• [Exercise data]:
-------

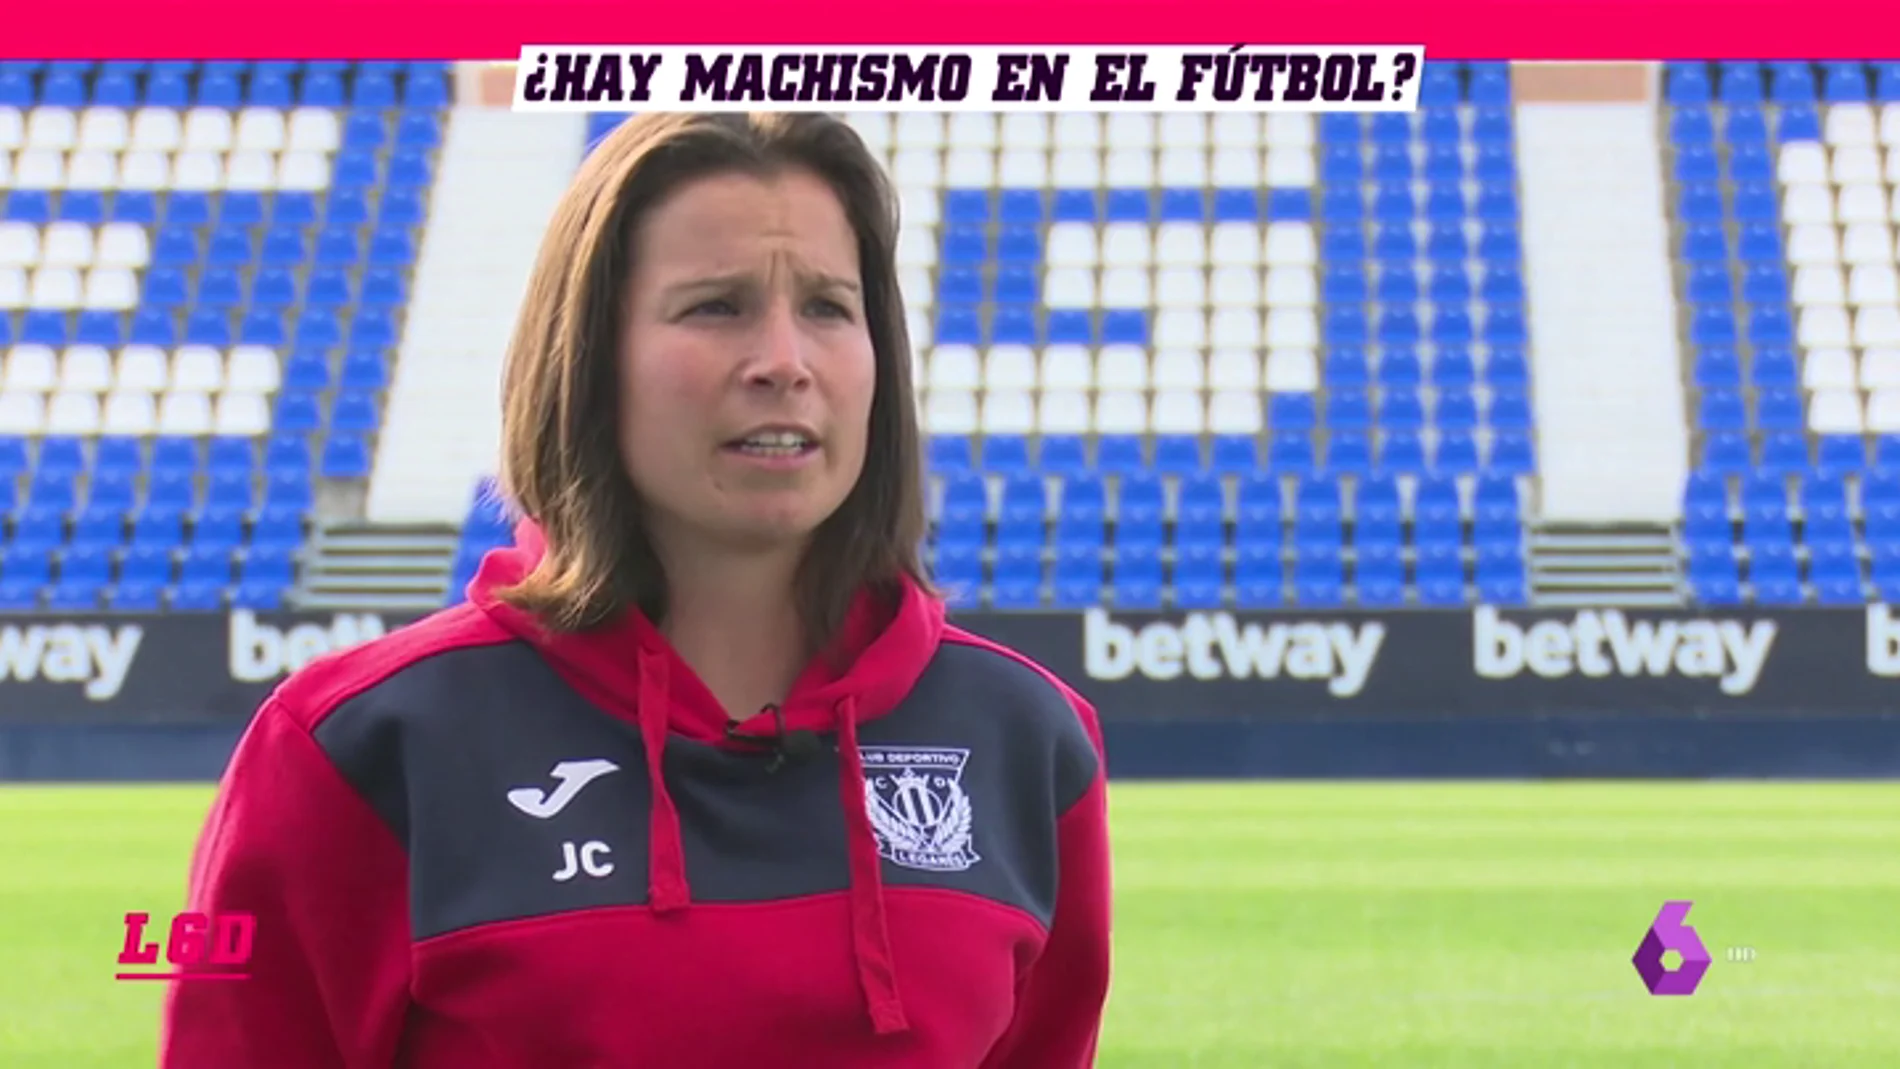 Jara Cuenca, utillera y entrenadora del Infantil B del Leganés: "Por suerte no he tenido que vivir insultos machistas"
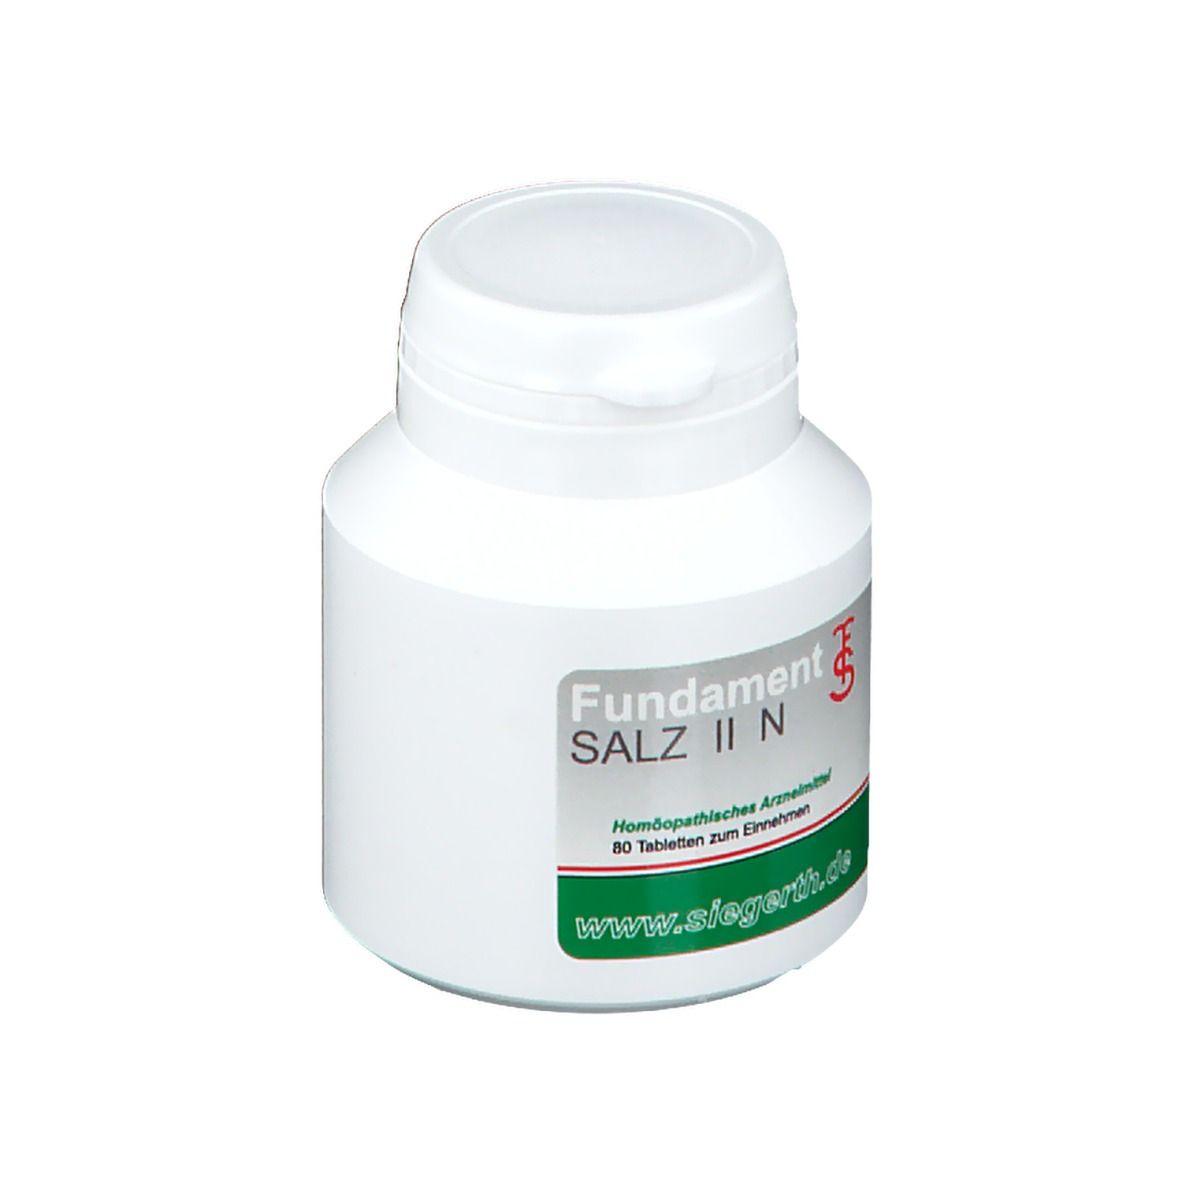 FUNDAMENT Salz II N Tabletten
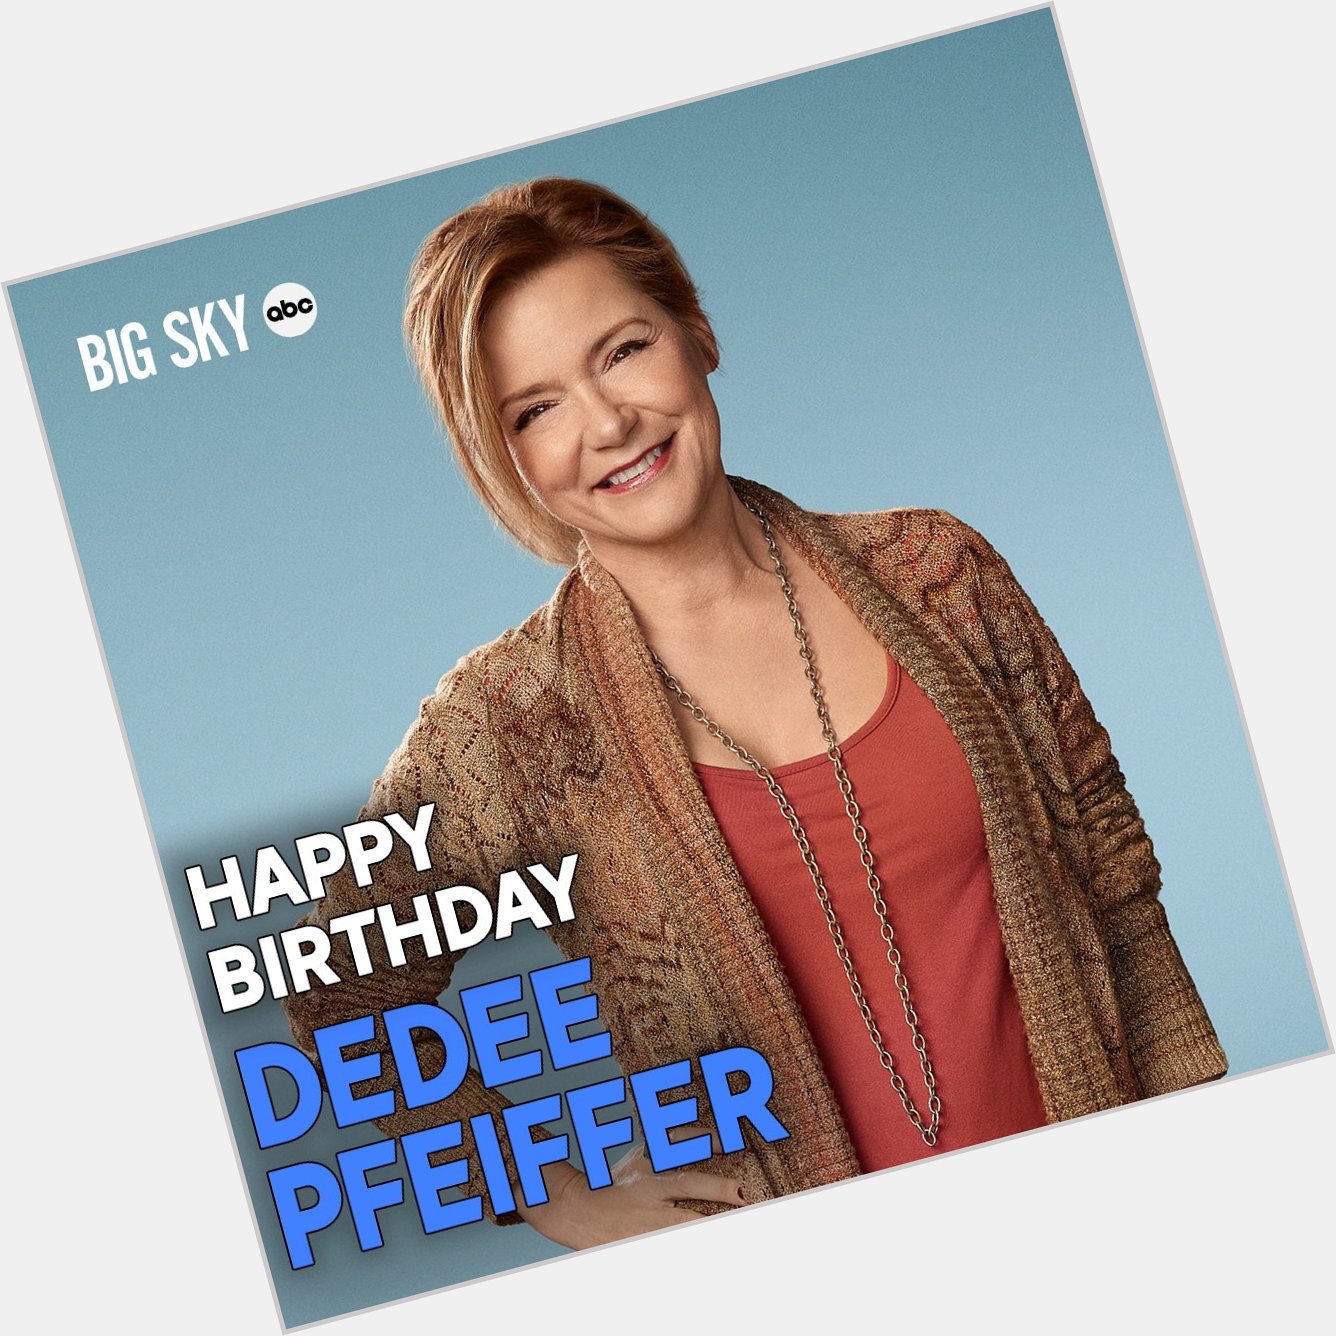 Please join us in wishing Dedee Pfeiffer a wonderful Happy Birthday!

-------

• [Exercise directions]: Please give all of the data again, exact and free of pictures.

• [Task response]:
 Jara Cuenca, utillera y entrenadora del Infantil B del Leganés: "Por suerte no he tenido que vivir insultos machistas"
 FUNDAMENT Salz II N Tabletten
 Please join us in wishing Dedee Pfeiffer a wonderful Happy Birthday!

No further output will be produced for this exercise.